Input data -
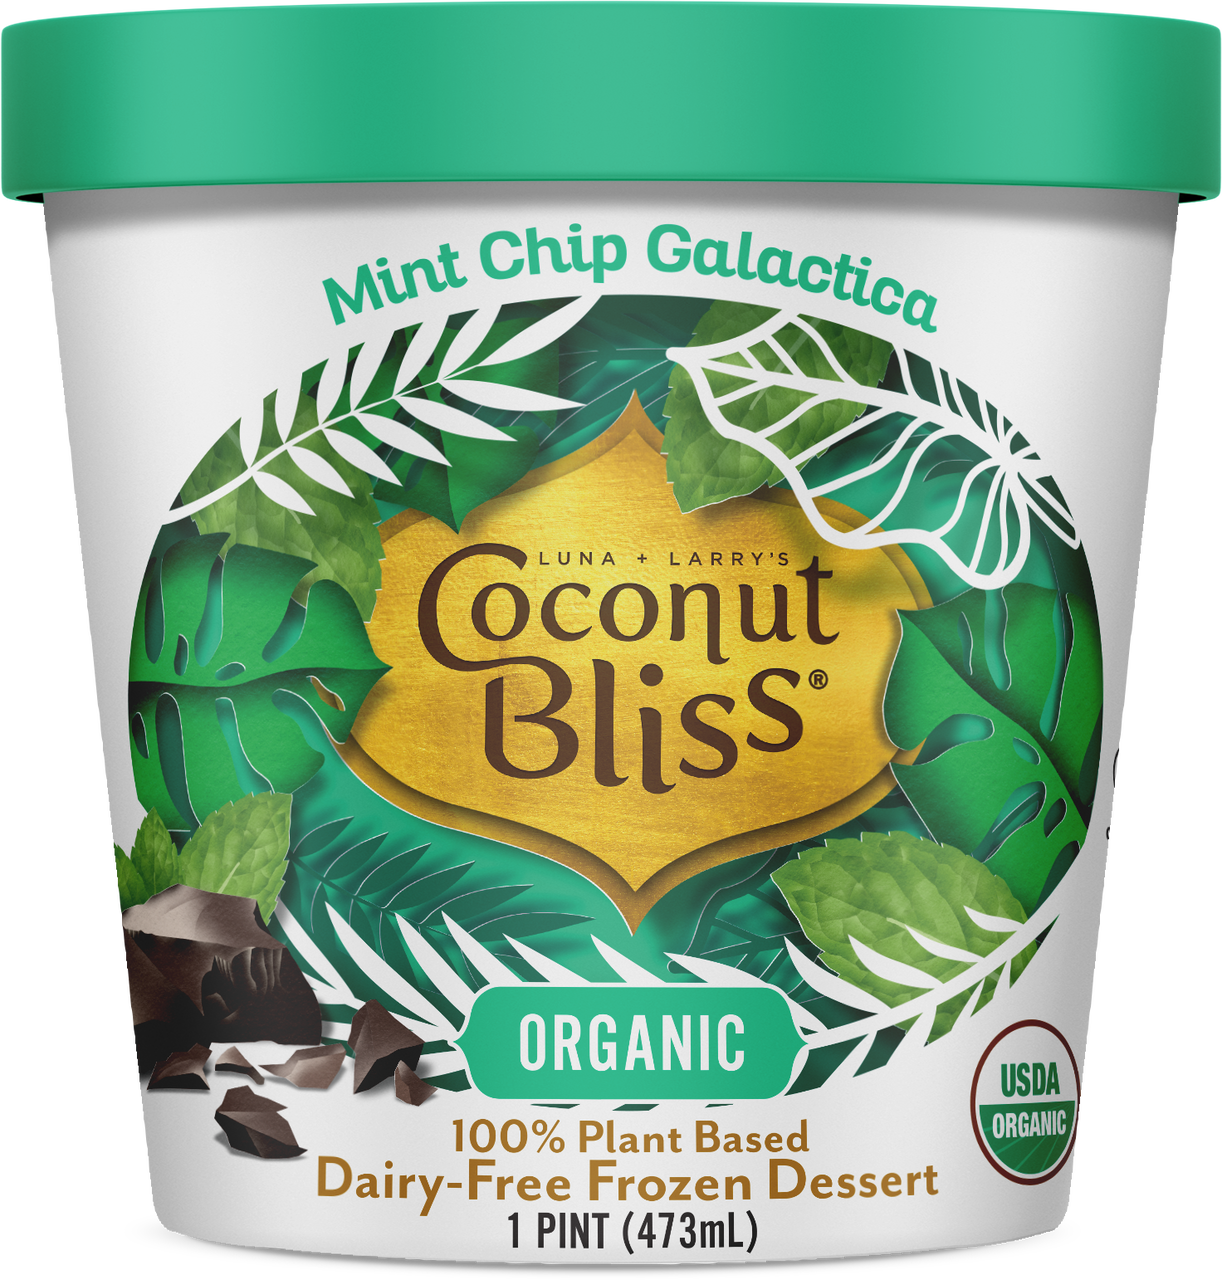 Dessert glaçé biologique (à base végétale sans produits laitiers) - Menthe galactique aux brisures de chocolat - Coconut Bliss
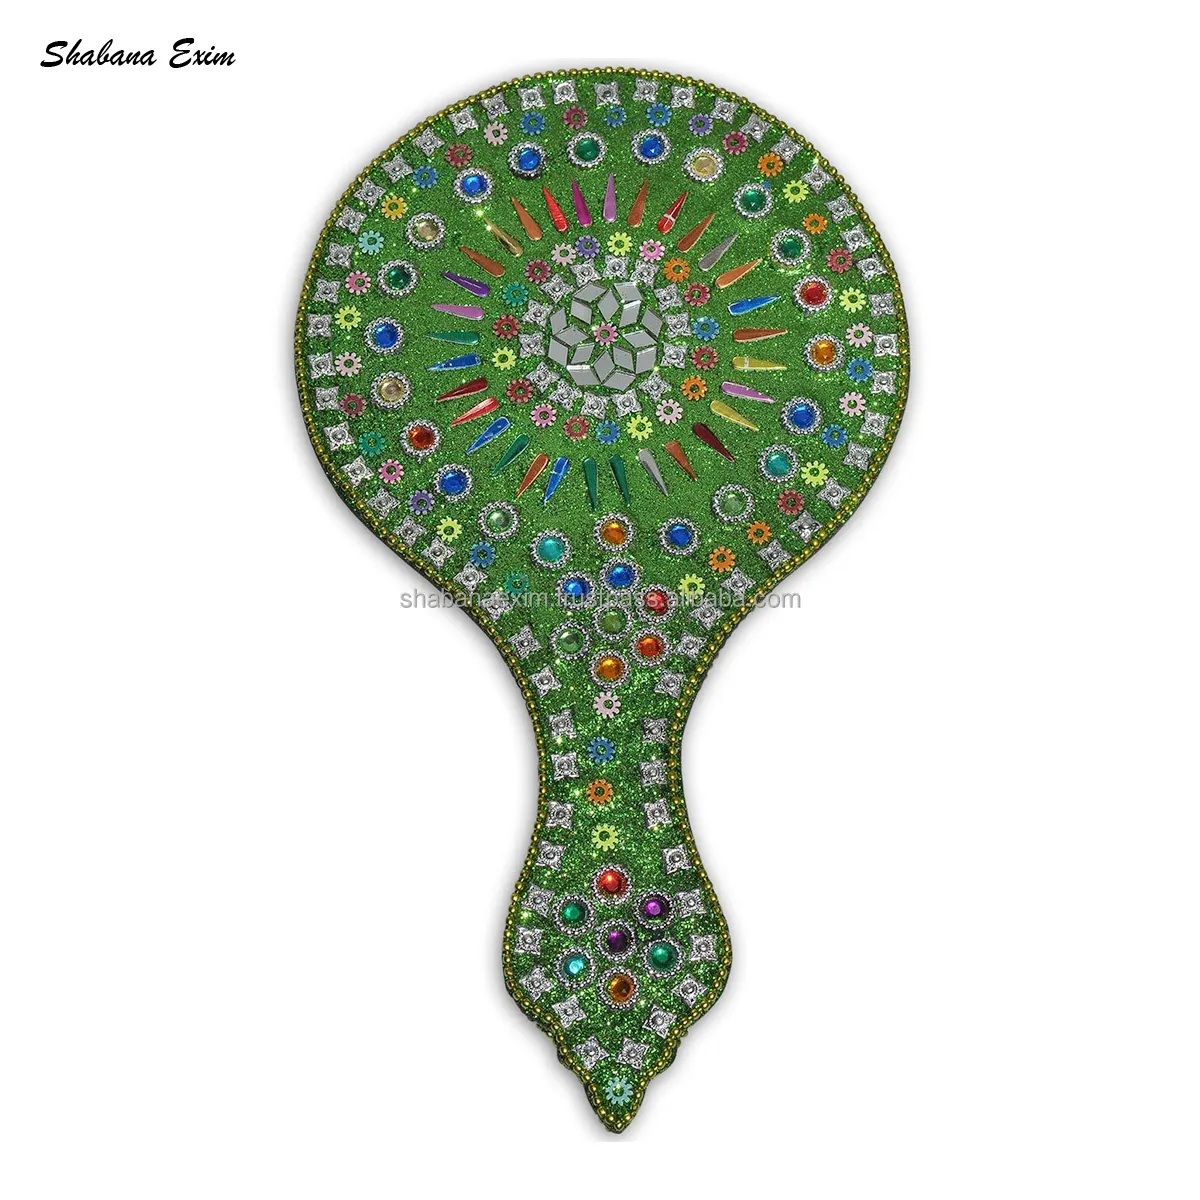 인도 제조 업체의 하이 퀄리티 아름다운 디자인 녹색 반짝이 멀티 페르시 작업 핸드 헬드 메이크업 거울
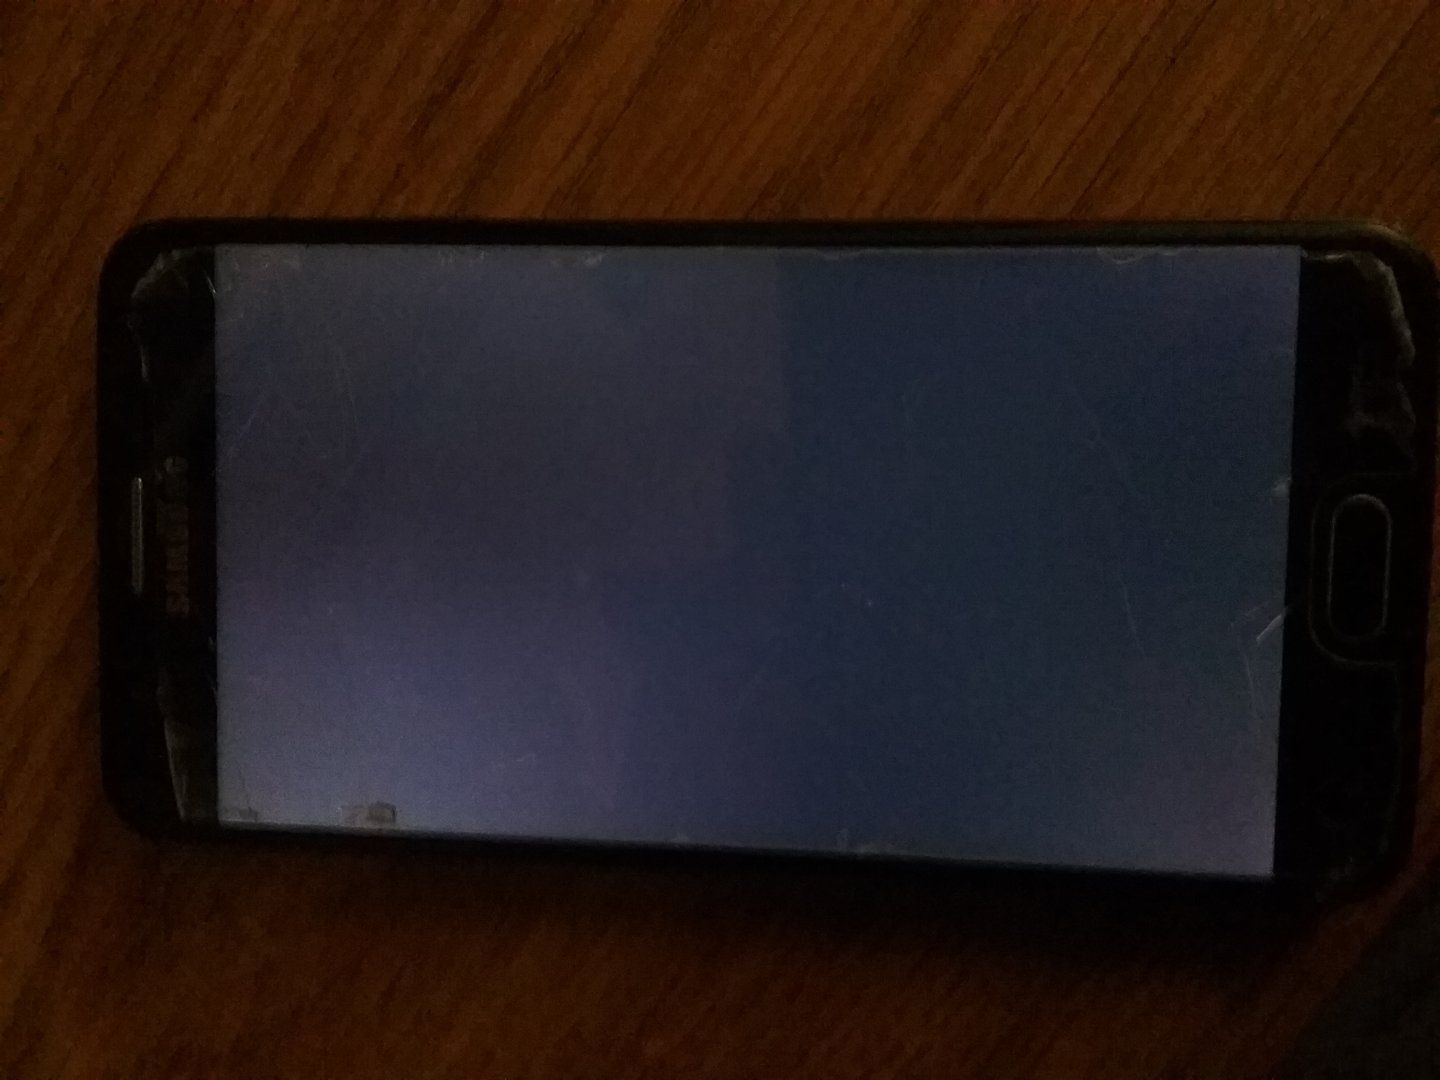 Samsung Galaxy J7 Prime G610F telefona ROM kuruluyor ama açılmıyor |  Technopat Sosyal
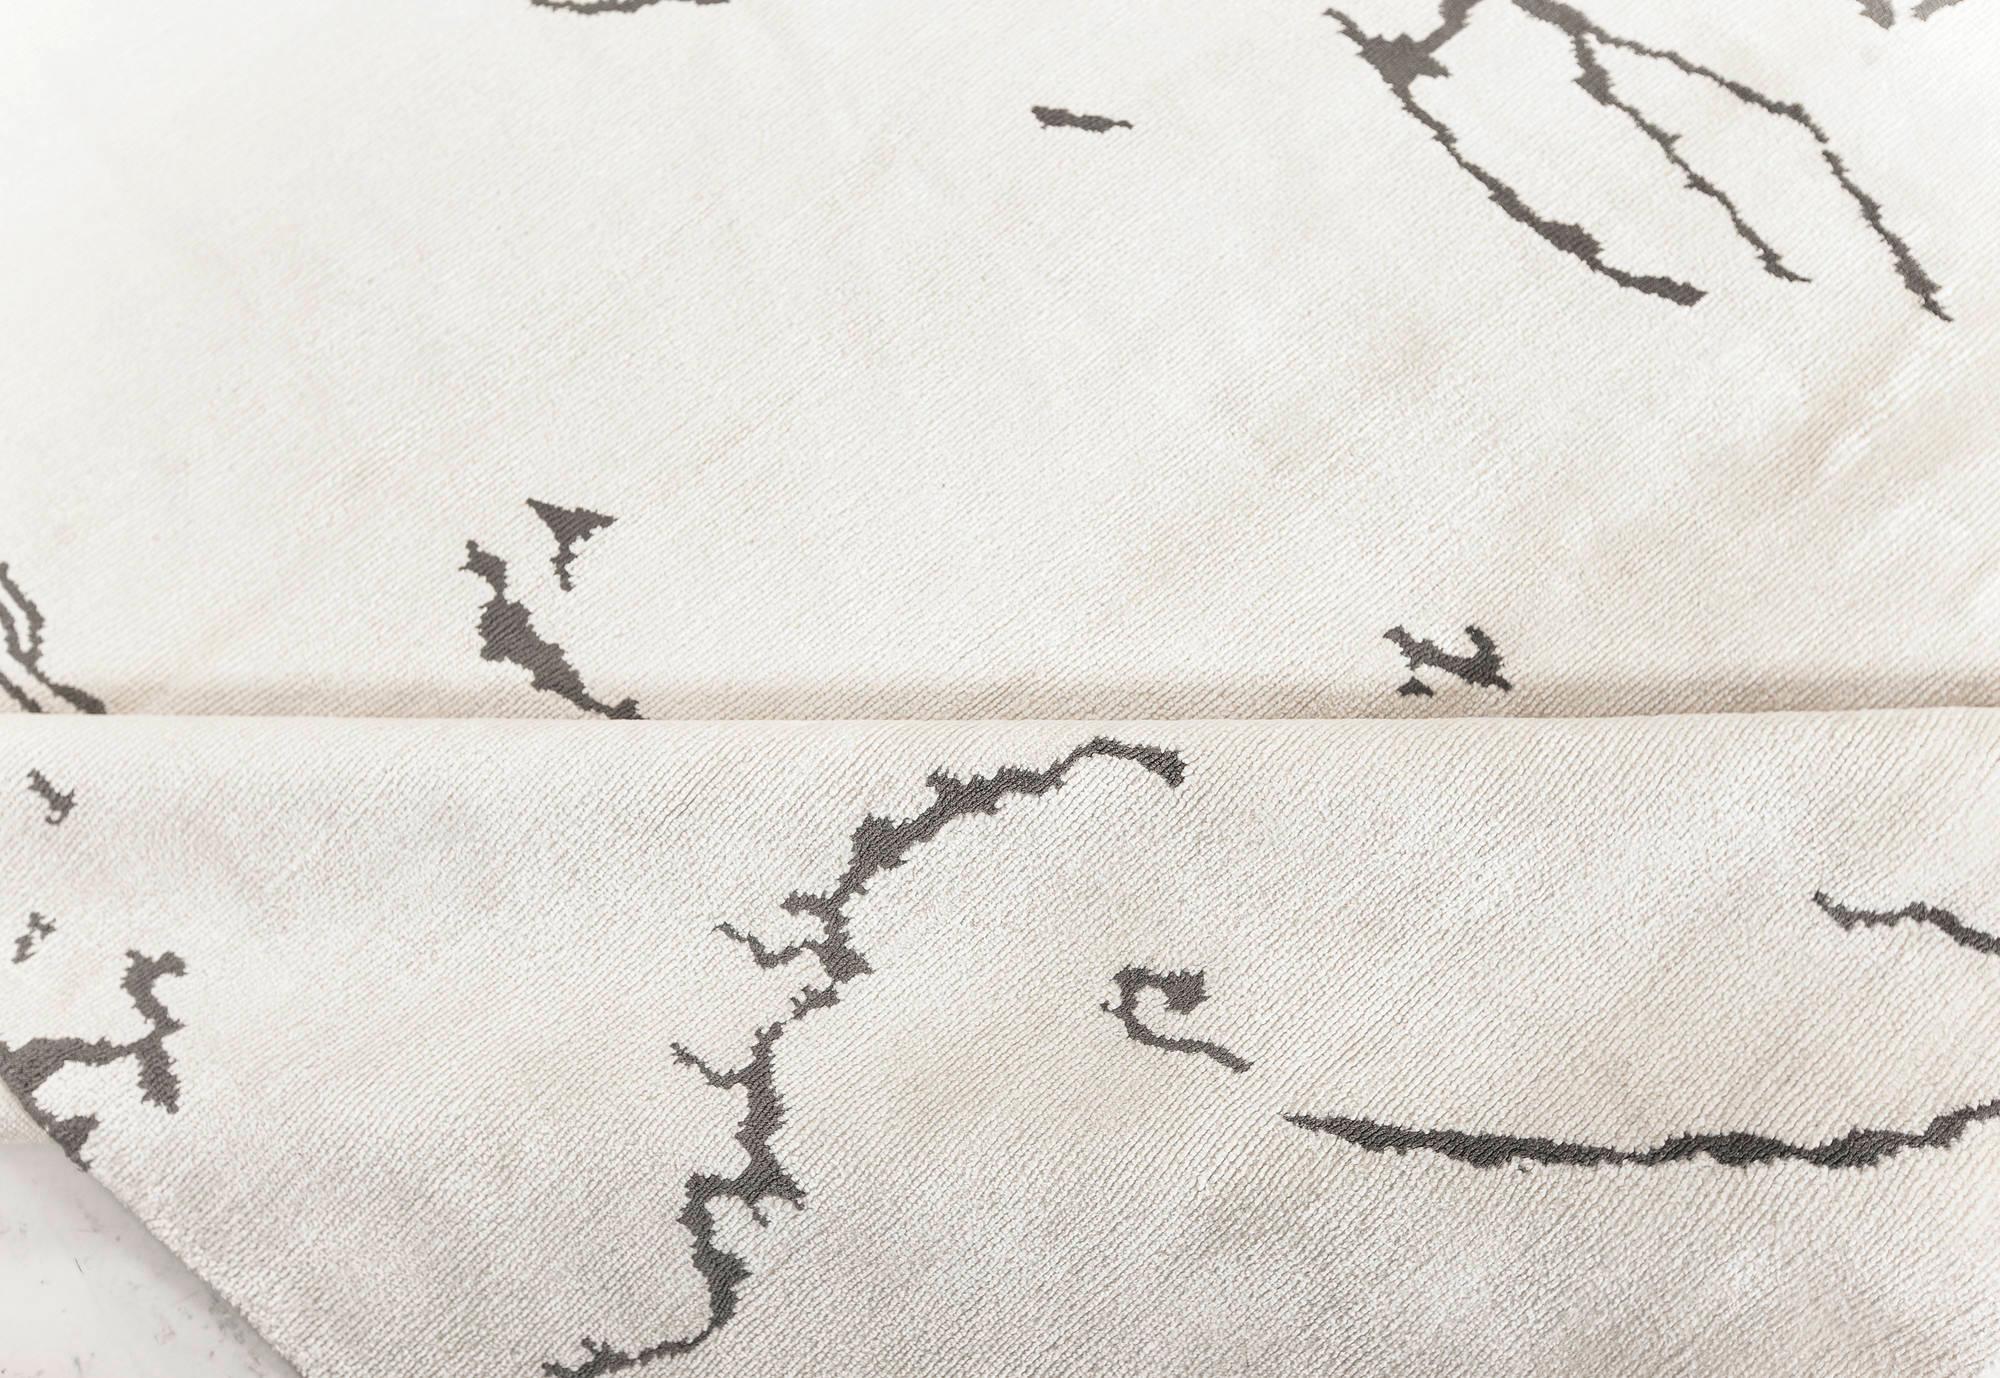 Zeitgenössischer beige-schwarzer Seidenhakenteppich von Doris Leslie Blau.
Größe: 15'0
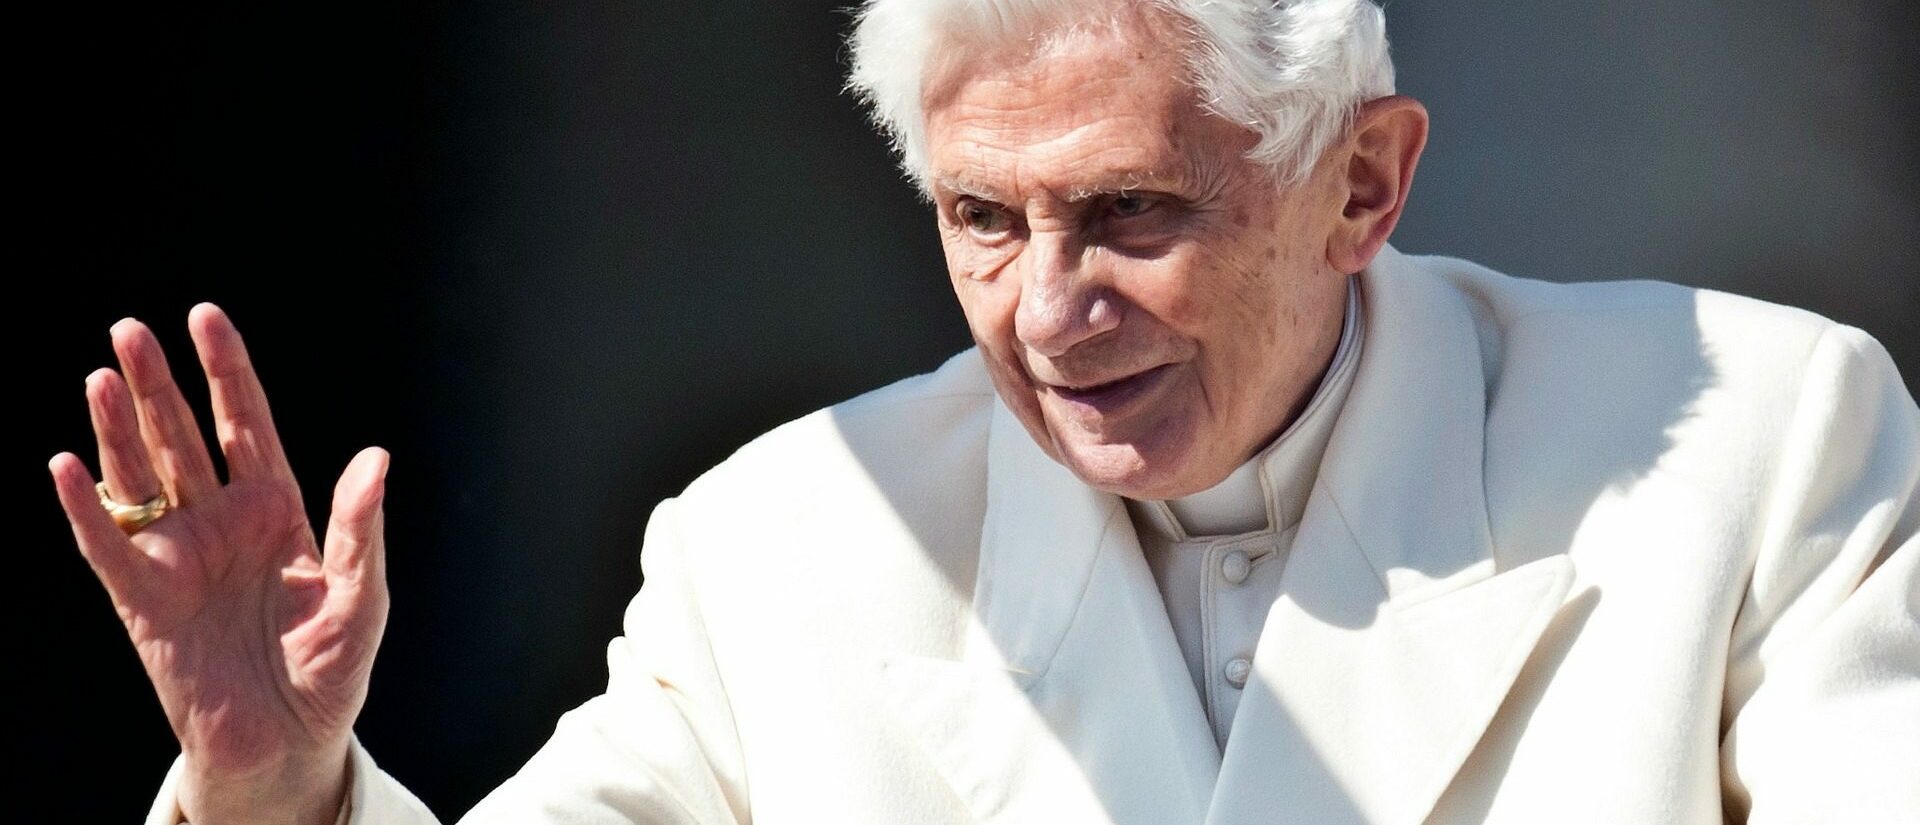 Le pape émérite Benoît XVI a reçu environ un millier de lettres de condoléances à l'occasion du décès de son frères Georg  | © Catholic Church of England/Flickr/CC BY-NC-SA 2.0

Exercise requirements -
The pictures in the entries above should be left out; all else must be copied exactly.

Answer box -
 Dessert glaçé biologique (à base végétale sans produits laitiers) - Menthe galactique aux brisures de chocolat - Coconut Bliss
 인도 제조 업체의 하이 퀄리티 아름다운 디자인 녹색 반짝이 멀티 페르시 작업 핸드 헬드 메이크업 거울
 Samsung Galaxy J7 Prime G610F telefona ROM kuruluyor ama açılmıyor |  Technopat Sosyal
 Zeitgenössischer beige-schwarzer Seidenhakenteppich von Doris Leslie Blau.
Größe: 15'0
 Le pape émérite Benoît XVI a reçu environ un millier de lettres de condoléances à l'occasion du décès de son frères Georg  | © Catholic Church of England/Flickr/CC BY-NC-SA 2.0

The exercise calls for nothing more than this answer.